## Exercise objective:
Pictures aside, reproduce exactly each line from the one holding "Modern Kitchen Faucets" through the last line of the material, both ends included.

## The data:
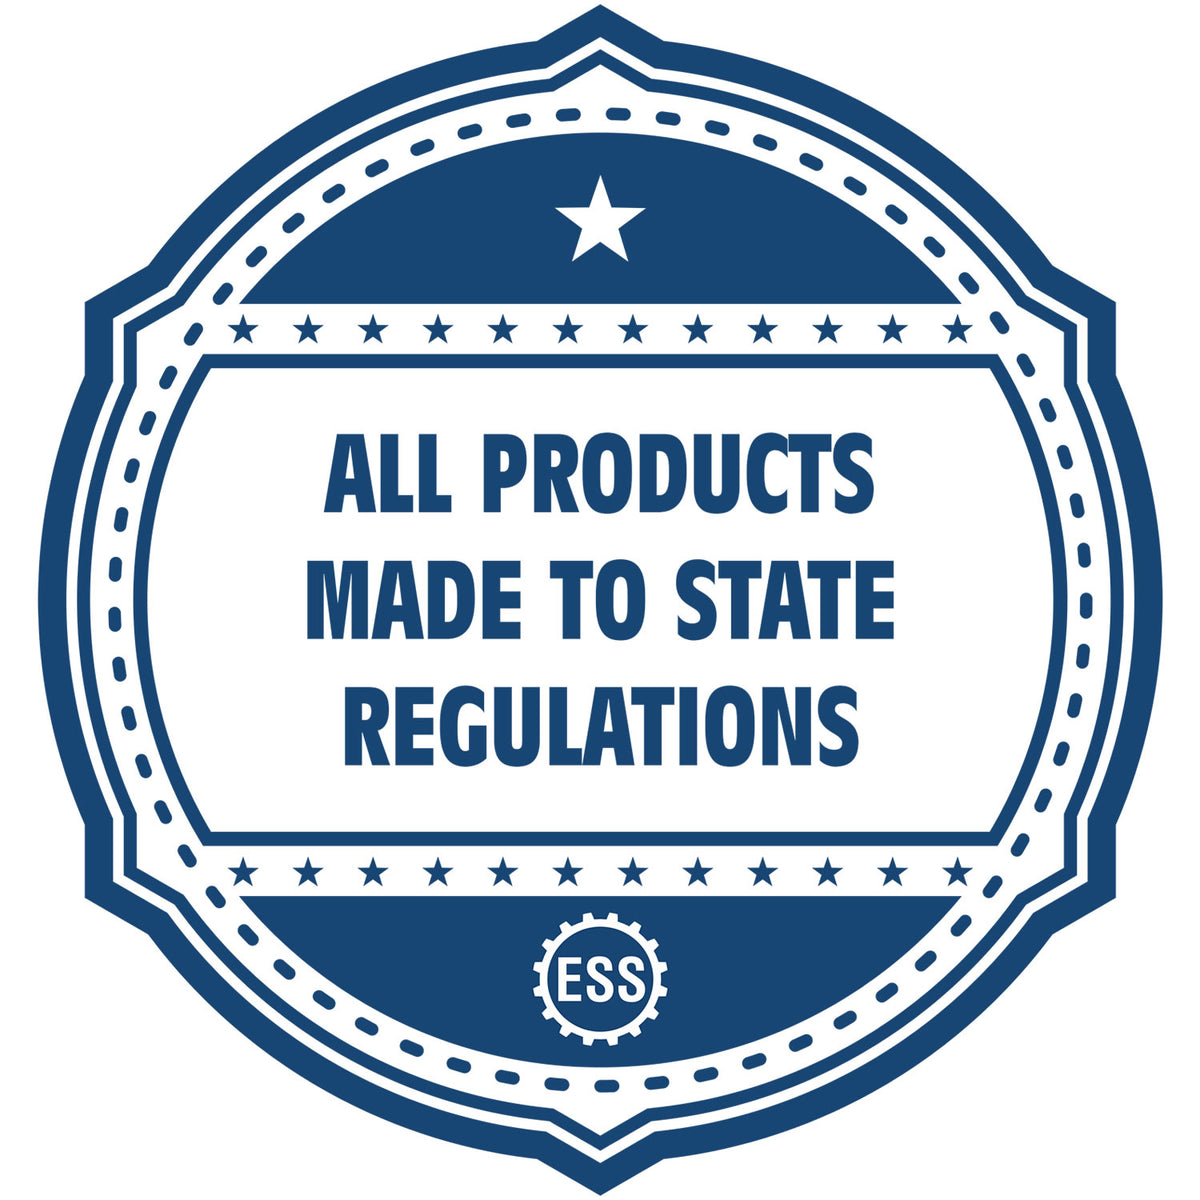 An icon or badge element for the Wooden Handle Virginia State Seal Notary Public Stamp showing that this product is made in compliance with state regulations.
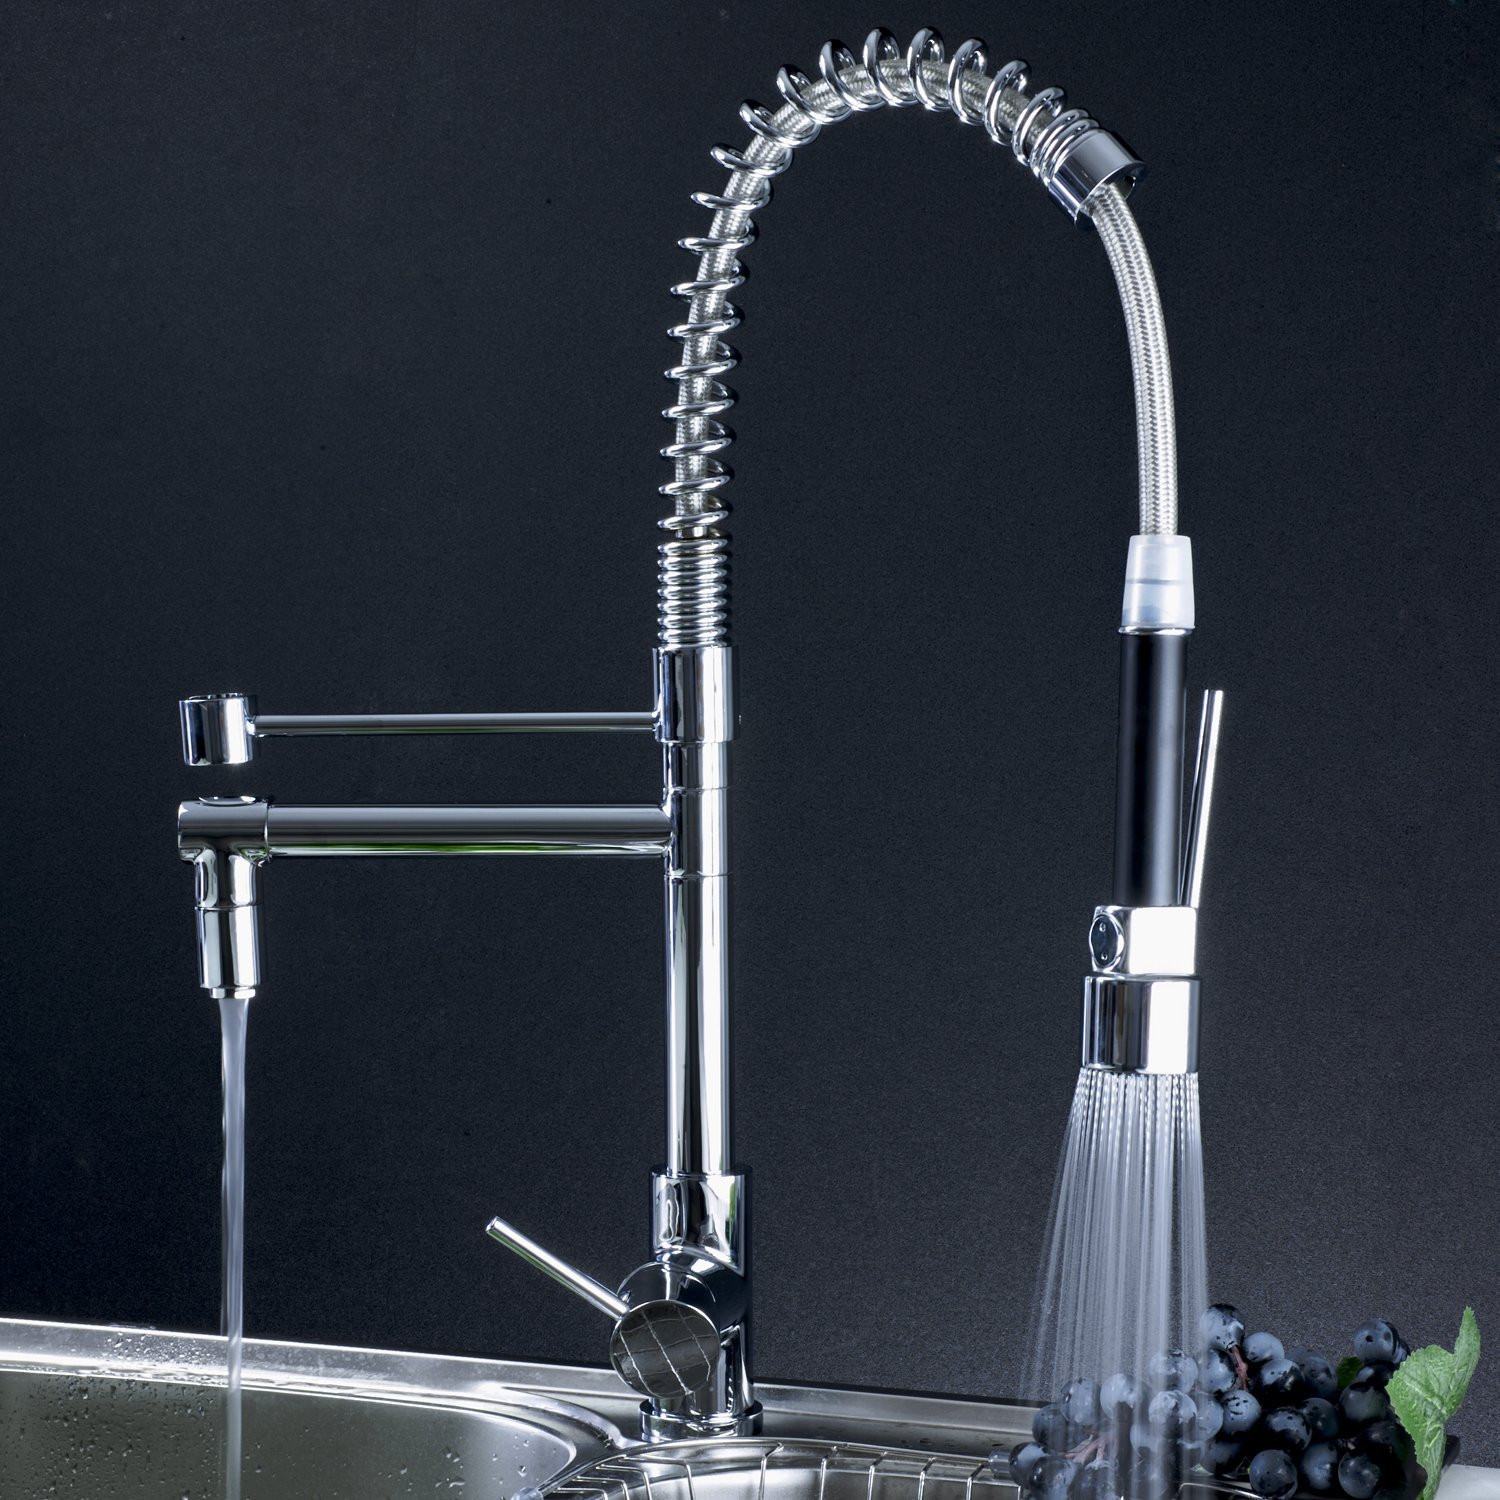 Modern Kitchen Faucets
 Professional Kitchen Faucet With Pull Out Spray 0323F

## Written reply:
 Modern Kitchen Faucets
 Professional Kitchen Faucet With Pull Out Spray 0323F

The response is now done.